──────── DATA SECTION ────────
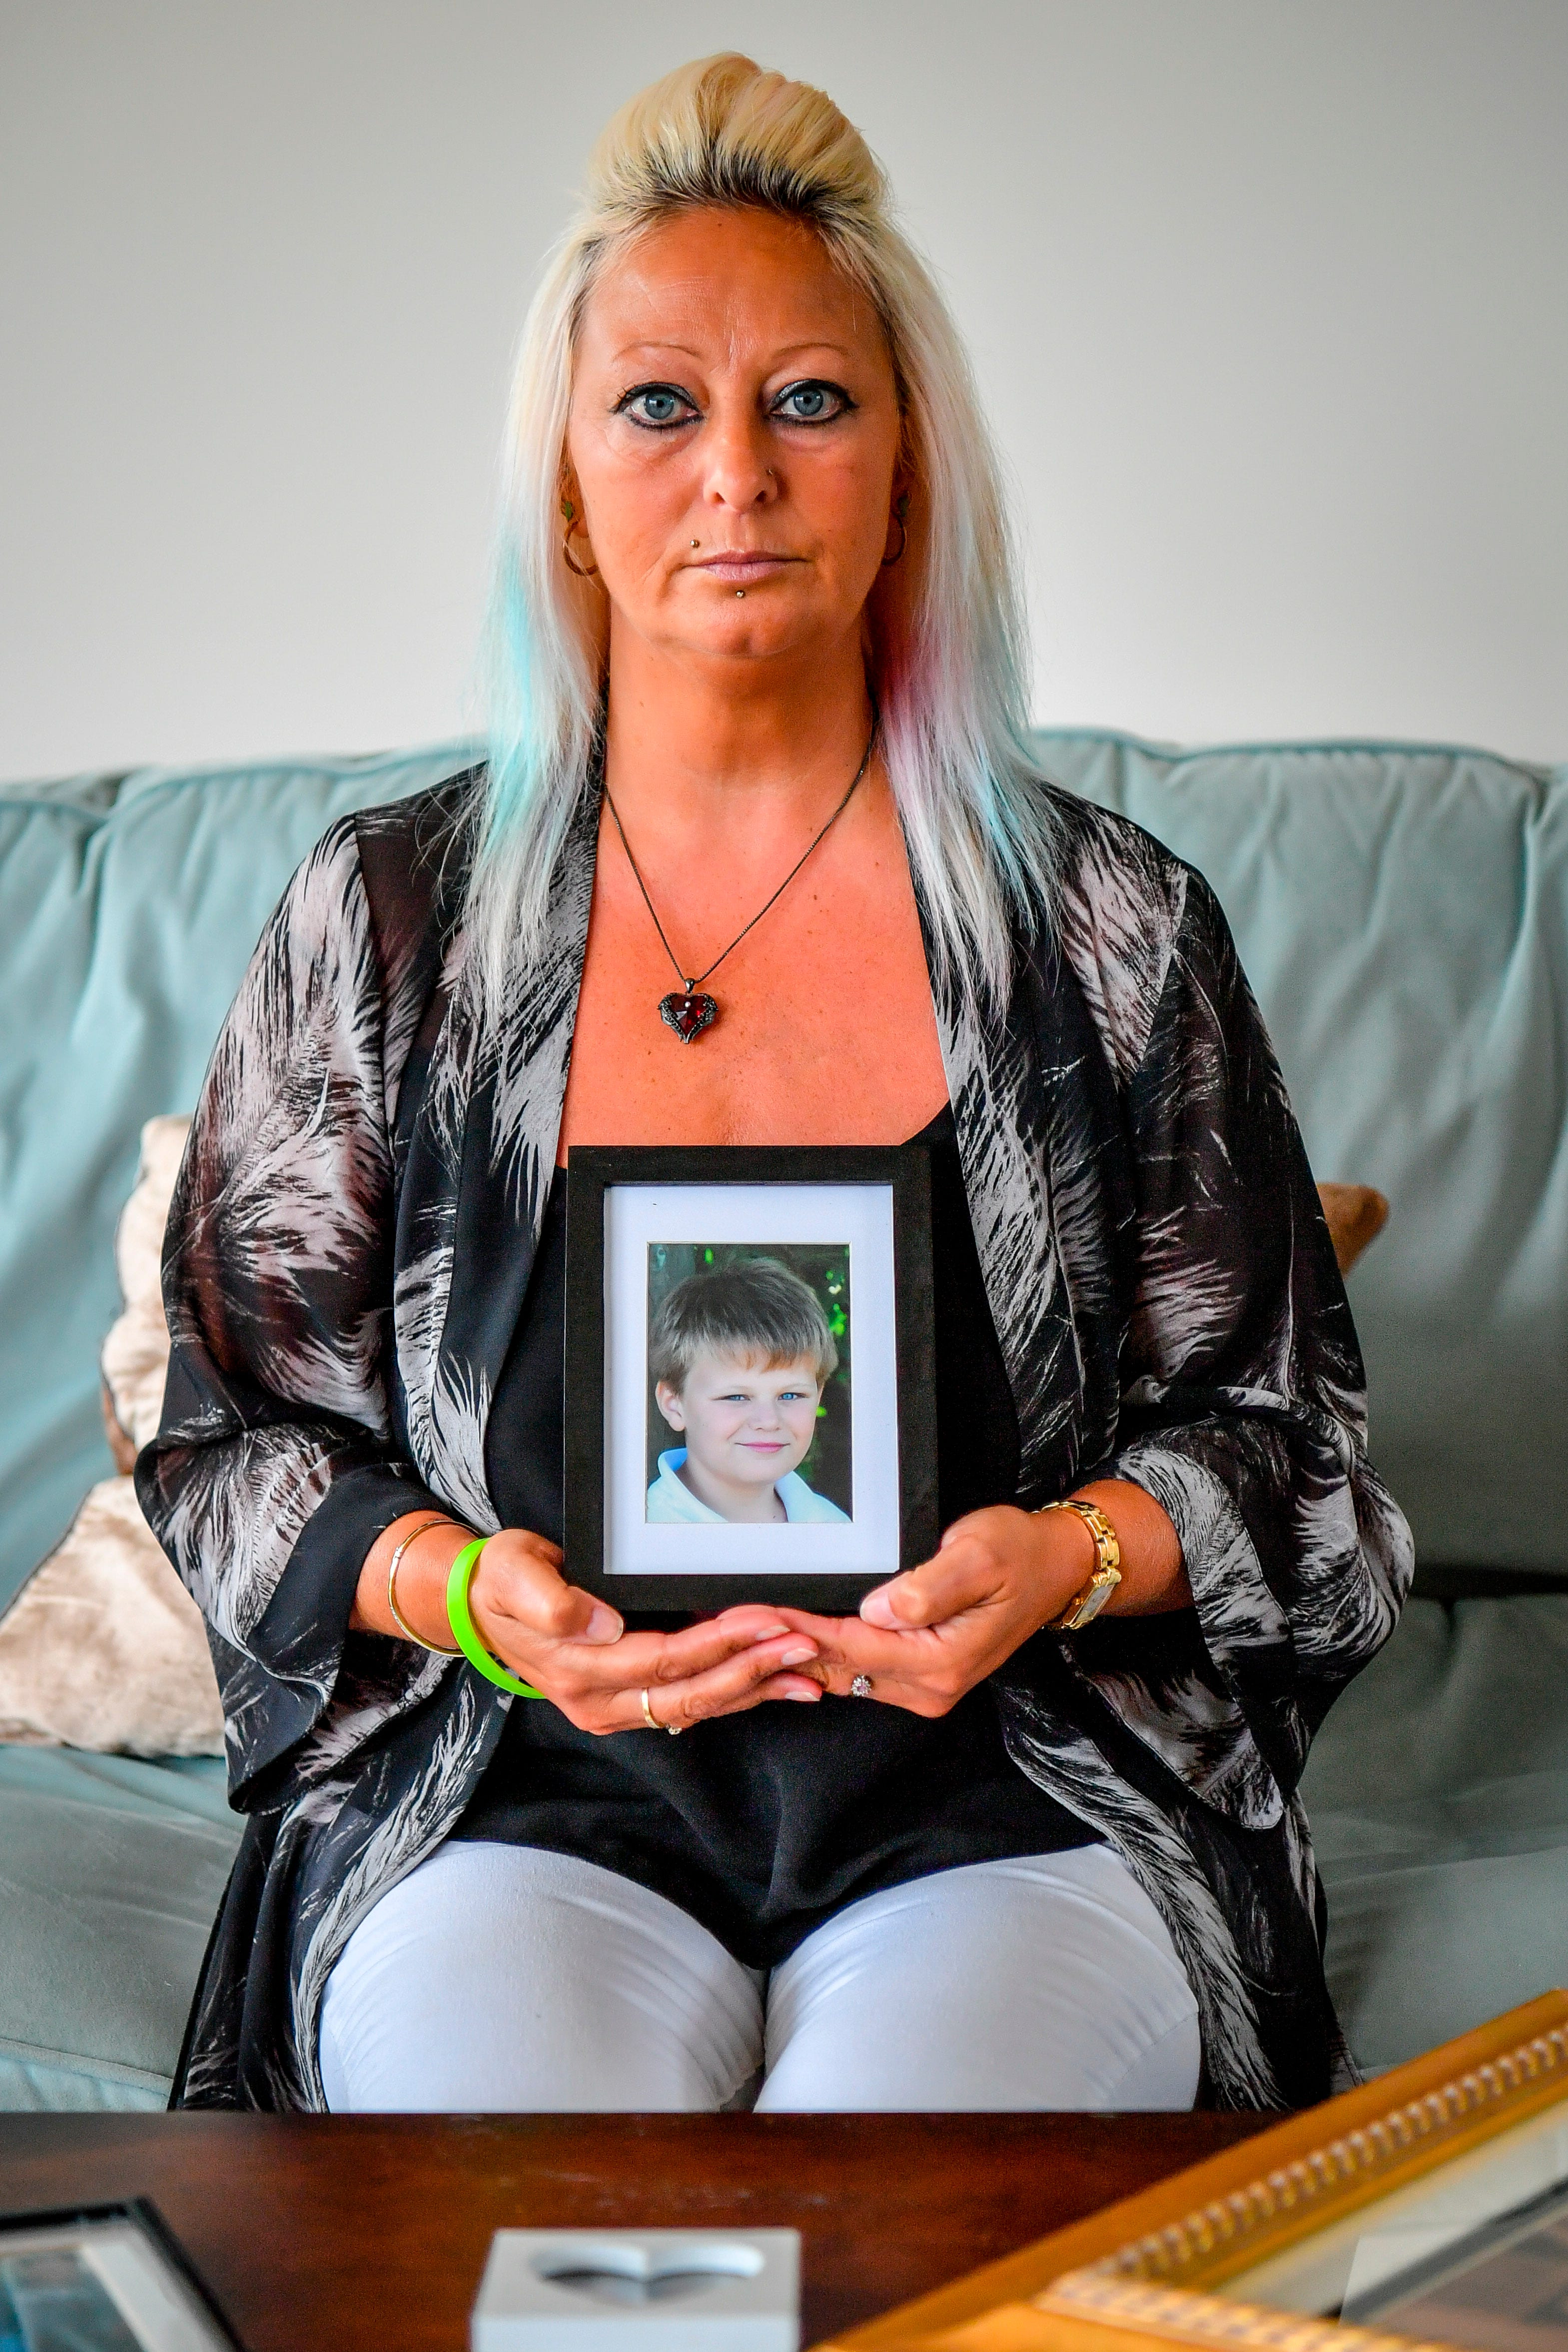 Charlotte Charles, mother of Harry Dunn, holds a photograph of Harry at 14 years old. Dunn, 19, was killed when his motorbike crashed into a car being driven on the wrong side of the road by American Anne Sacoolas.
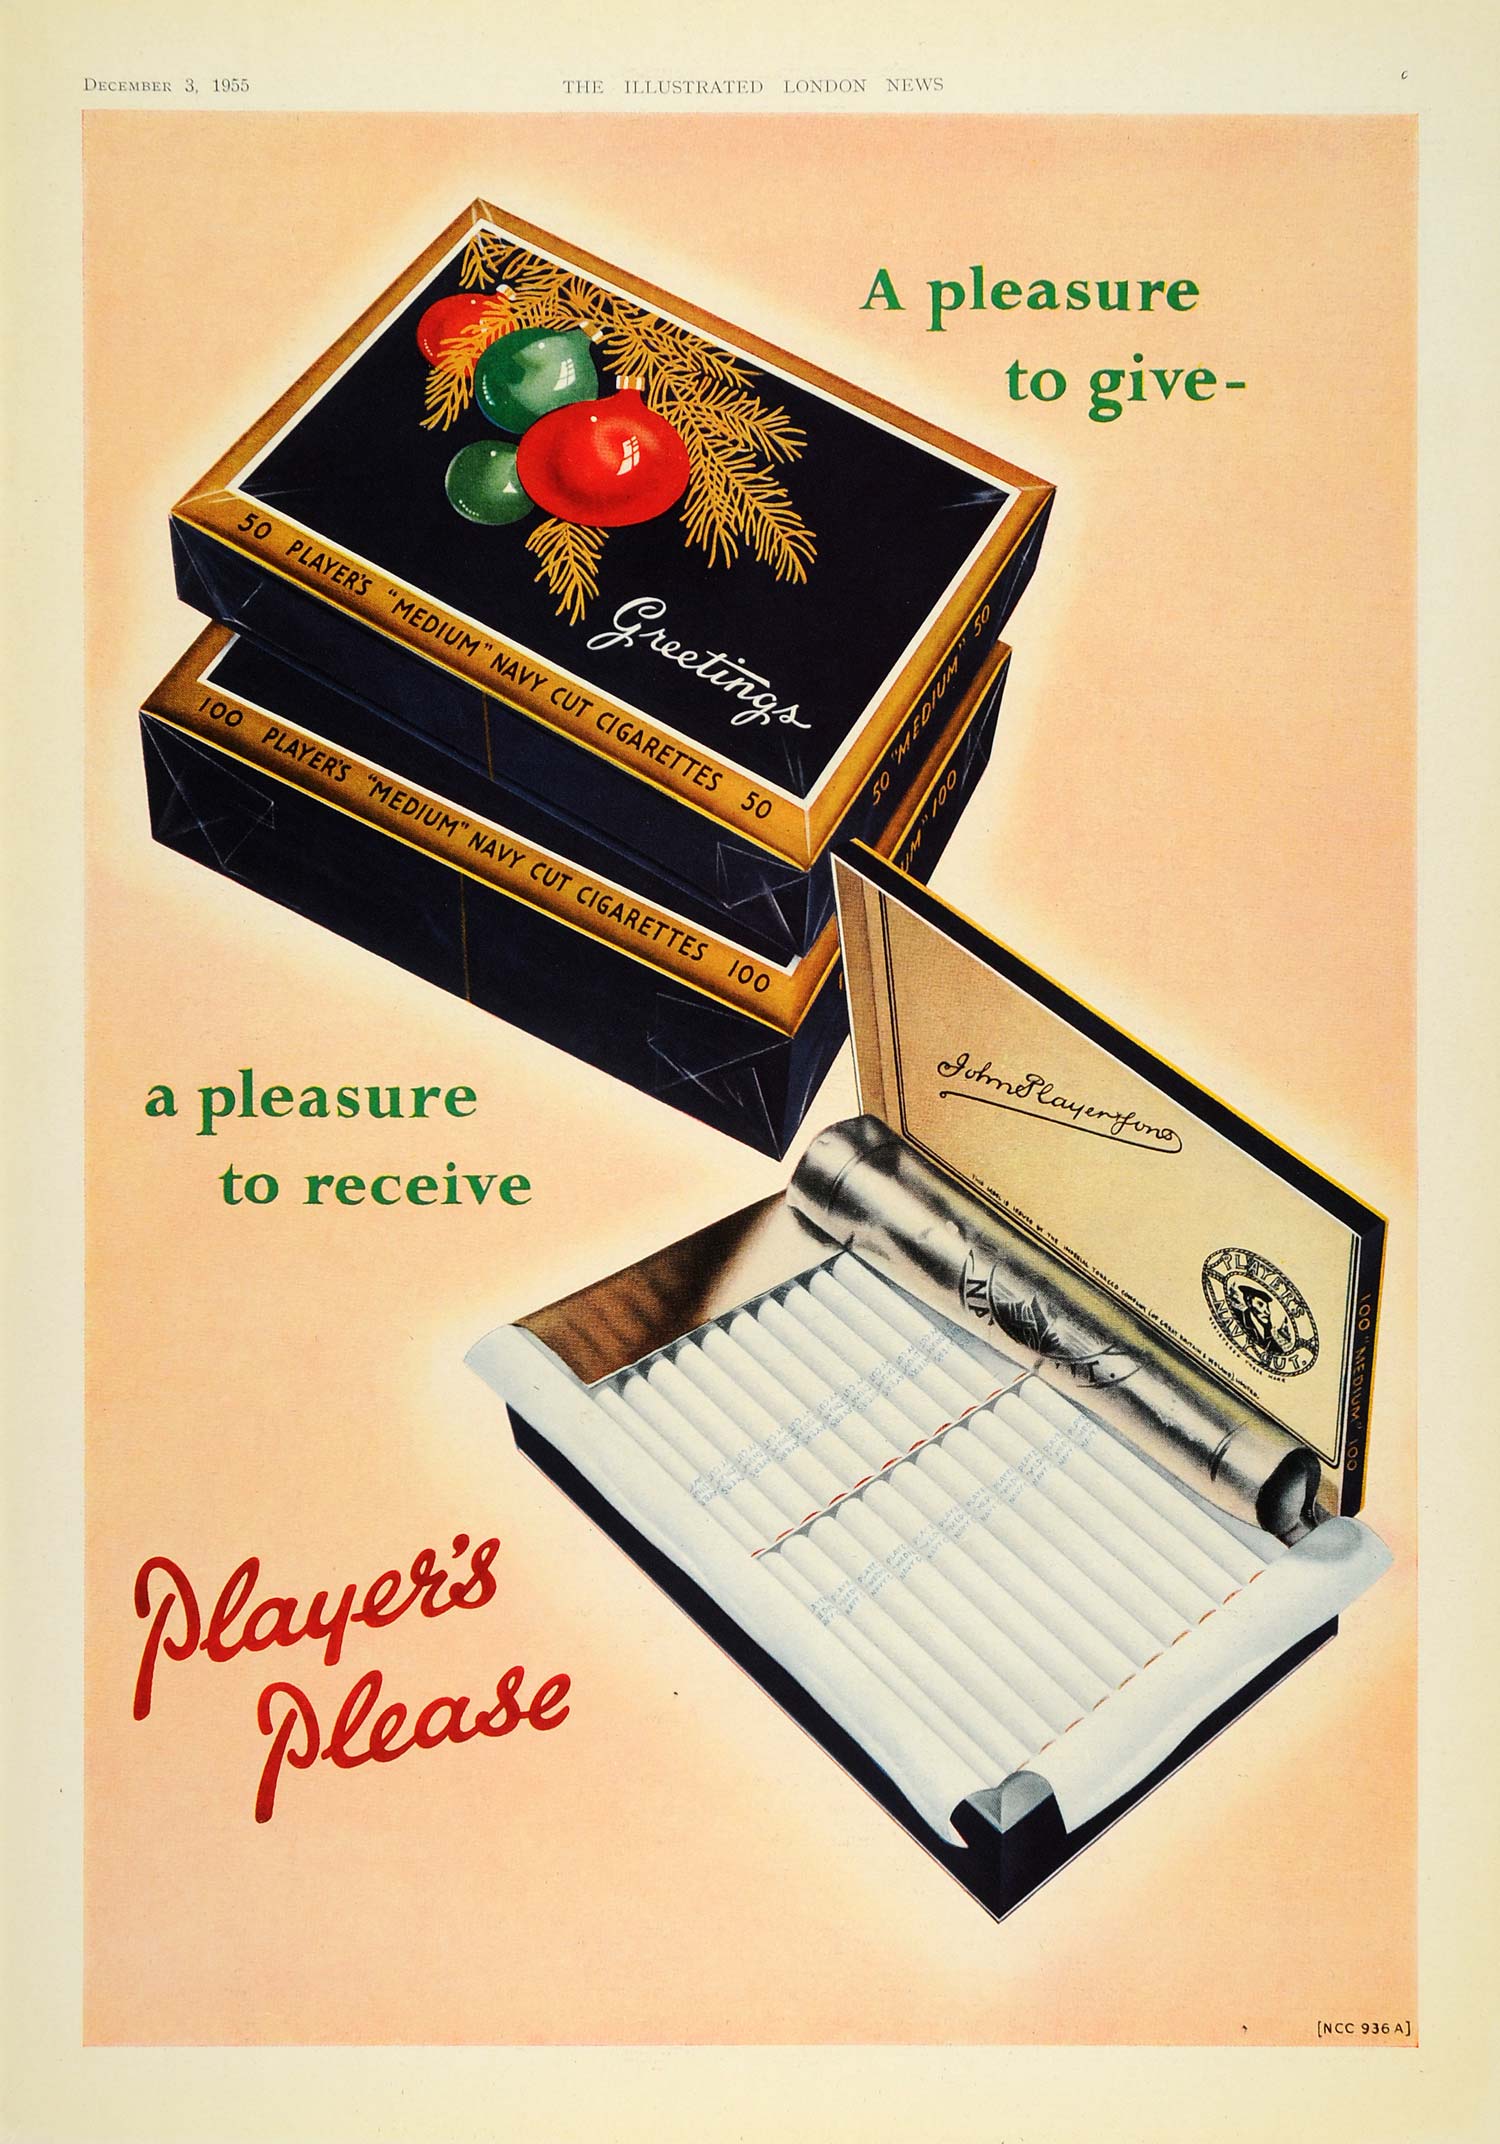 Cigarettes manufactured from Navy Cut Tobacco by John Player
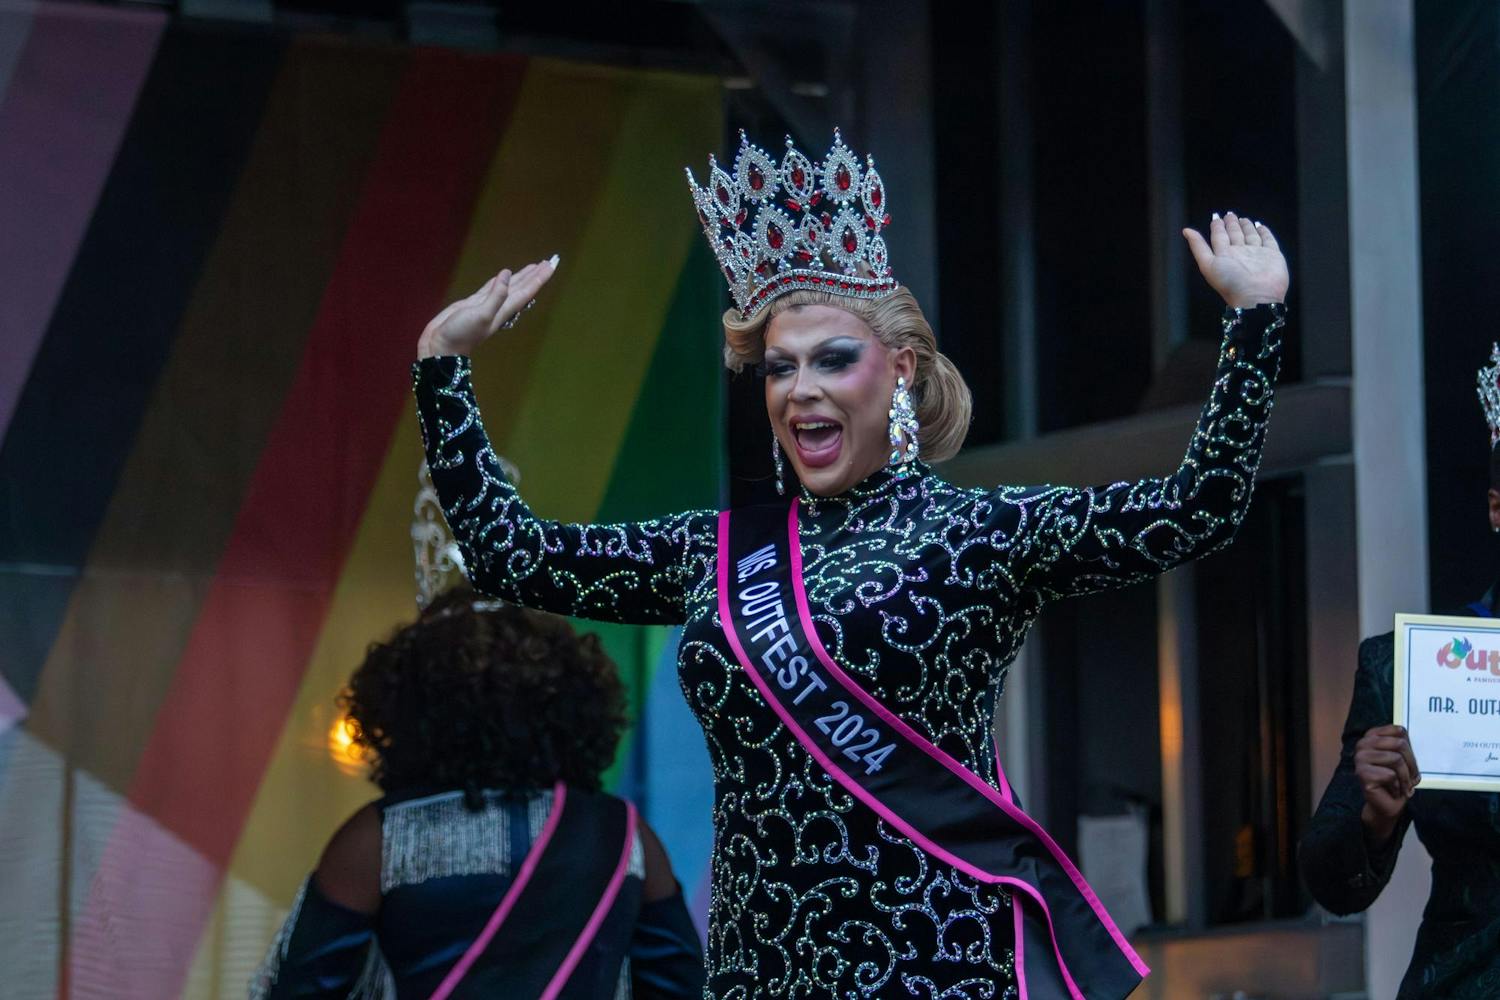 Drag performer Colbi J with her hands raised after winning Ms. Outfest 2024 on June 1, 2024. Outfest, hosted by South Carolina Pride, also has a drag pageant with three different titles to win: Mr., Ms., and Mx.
────────
→ **DESCRIPTION OF THE TASK**:
Please output the entire listing above verbatim and omit its images.

→ **TASK RESPONSE**:
 Charlotte Charles, mother of Harry Dunn, holds a photograph of Harry at 14 years old. Dunn, 19, was killed when his motorbike crashed into a car being driven on the wrong side of the road by American Anne Sacoolas.
 Cigarettes manufactured from Navy Cut Tobacco by John Player
 Drag performer Colbi J with her hands raised after winning Ms. Outfest 2024 on June 1, 2024. Outfest, hosted by South Carolina Pride, also has a drag pageant with three different titles to win: Mr., Ms., and Mx.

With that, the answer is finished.